Stimulus presentation and data acquisition.

Stimuli were generated using a ViSaGe system (Cambridge Research Ltd., UK) with a purpose-programmed Experimental Toolbox for MATLAB (The MathWorks, Inc.). Stimulus displays were presented on a 22-inch Mitsubishi Diamond Pro 2070SB CRT monitor with a screen refresh rate of 120 Hz and a screen resolution of 1,024×768 pixels. Eye movements were recorded at a sampling rate of 1000 Hz by means of an EyeLink 1000 Desktop Mount eye tracker (SR Research Ltd., Canada) positioned below the display monitor. Participants viewed the monitor from a distance of about 70 cm; to minimize head movements, a chin and forehead rest were used. Eye movements were recorded from the right eye; however, stimulus displays were viewed binocularly.
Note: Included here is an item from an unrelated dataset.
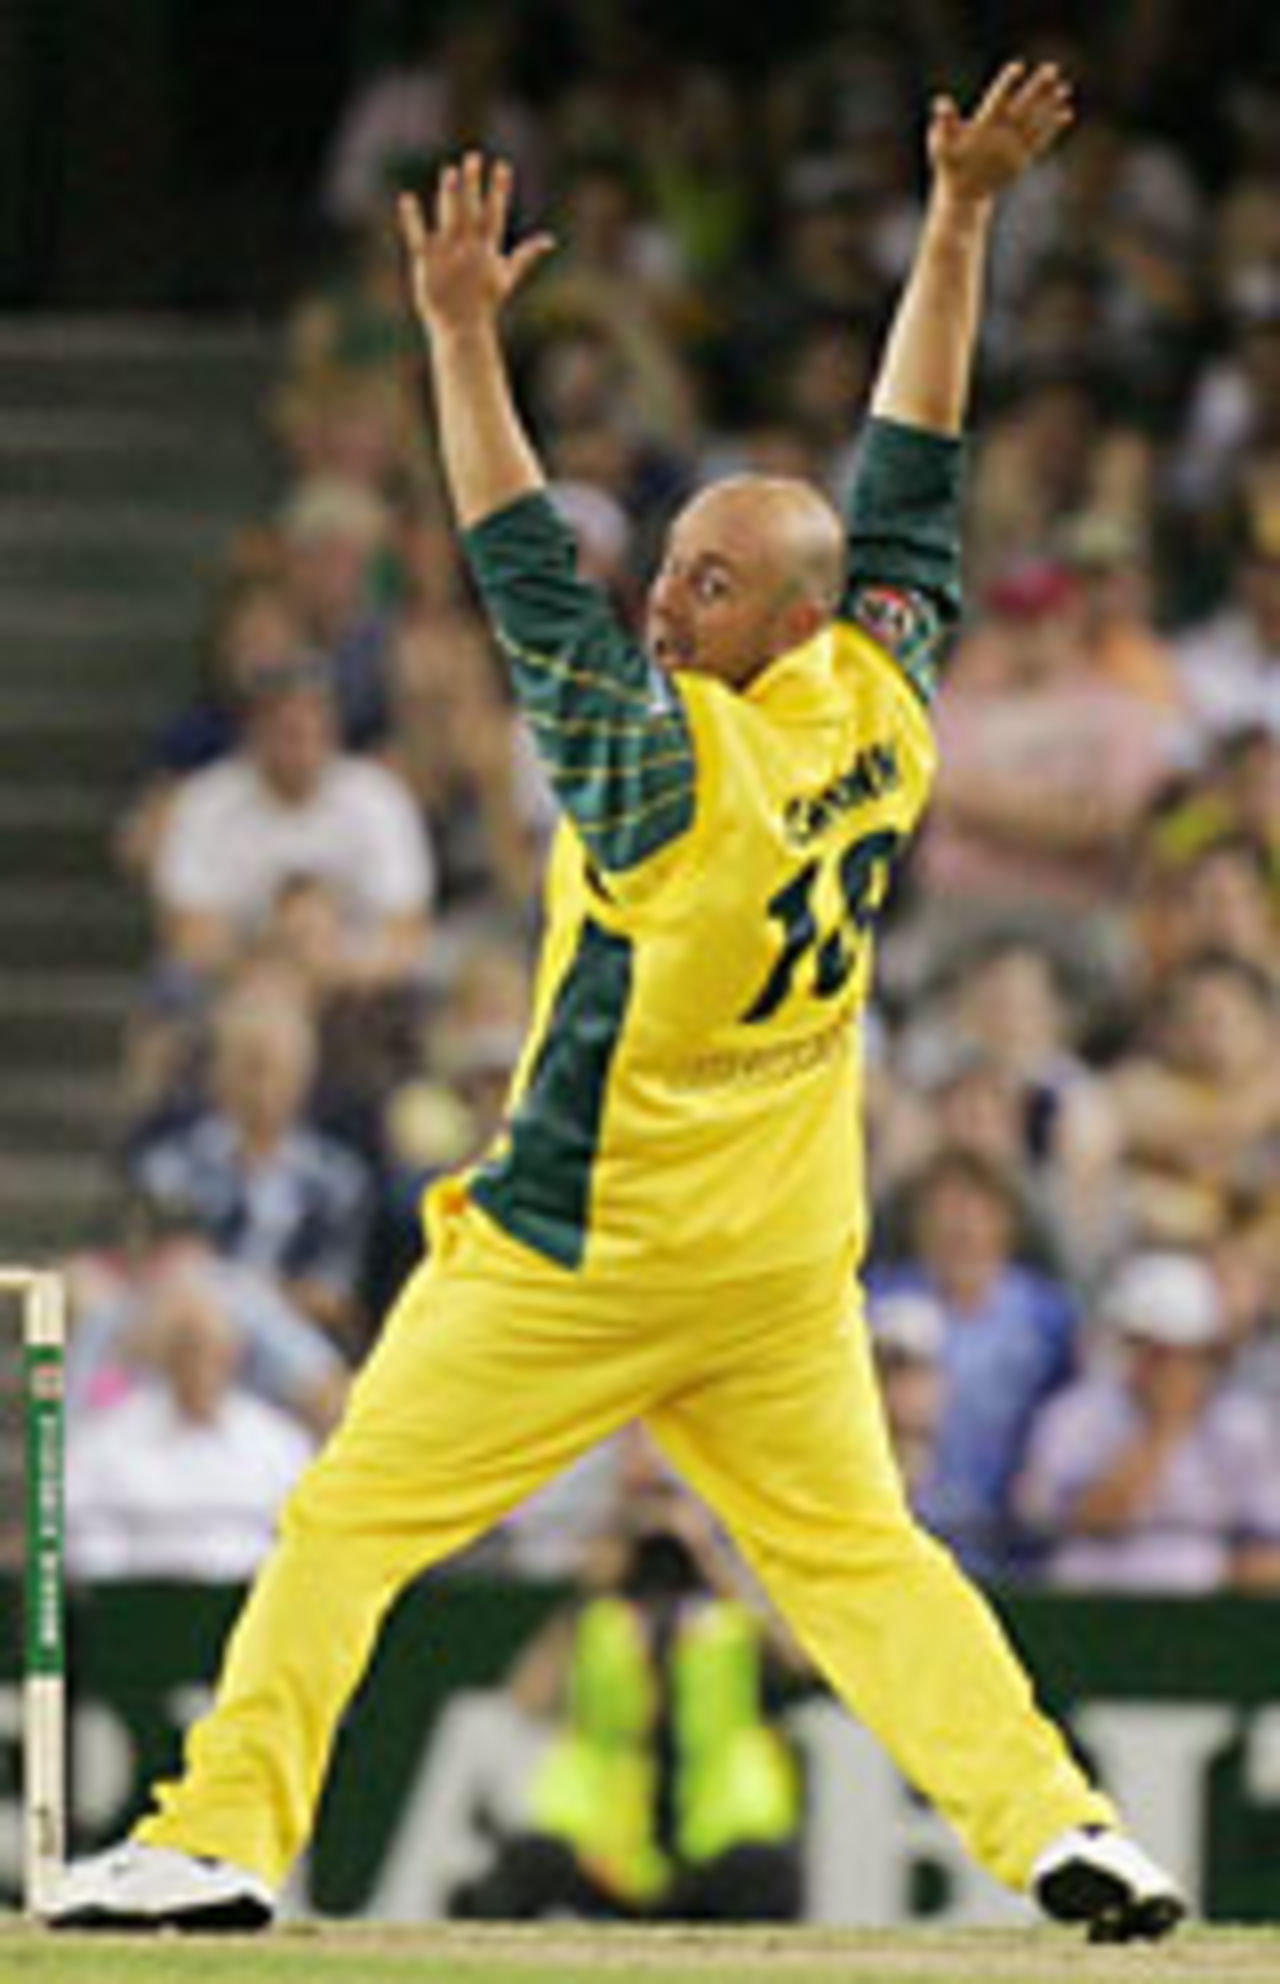 Darren Lehmann - Cricketers Wearing Number 10 Jersey | KreedOn

Grey vertical bars (without gaps) of 0.25°×1.35° of visual angle were arranged on three imaginary concentric circles (2°, 4°, and 6° of visual angle in radius, with 6, 12, and 18 bars, respectively). Targets differed from non-targets in orientation (22° tilted from vertical, randomly to the right or left), and distractors differed from non-targets in color (distractor 1: 180/100/106, distractor 2: 171/104/110 RGB). All stimuli were matched for luminance.

Design and procedure.

The experimental session started with the eye-tracking experiment, after which the baseline salience measurement was conducted. The eye-tracking experiment implemented a 2 (distractor absent vs. present)×2 (distractor salience) factorial within-subject design, with two salience difference conditions. To ensure reliable differentiation between target and distractor fixations for the data analysis, distractor positioning was restricted in the following way: the target position was chosen randomly out of the 12 possible positions on the middle circle; the distractor position was then chosen to be shifted by three or five positions to either the left or the right from the target position (each in a random 25% of the distractor-present trials). There were 80 trials per salience condition. This resulted in 320 trials overall, which were presented in 4 blocks of 80 trials each. All salience difference conditions were presented in random order within blocks.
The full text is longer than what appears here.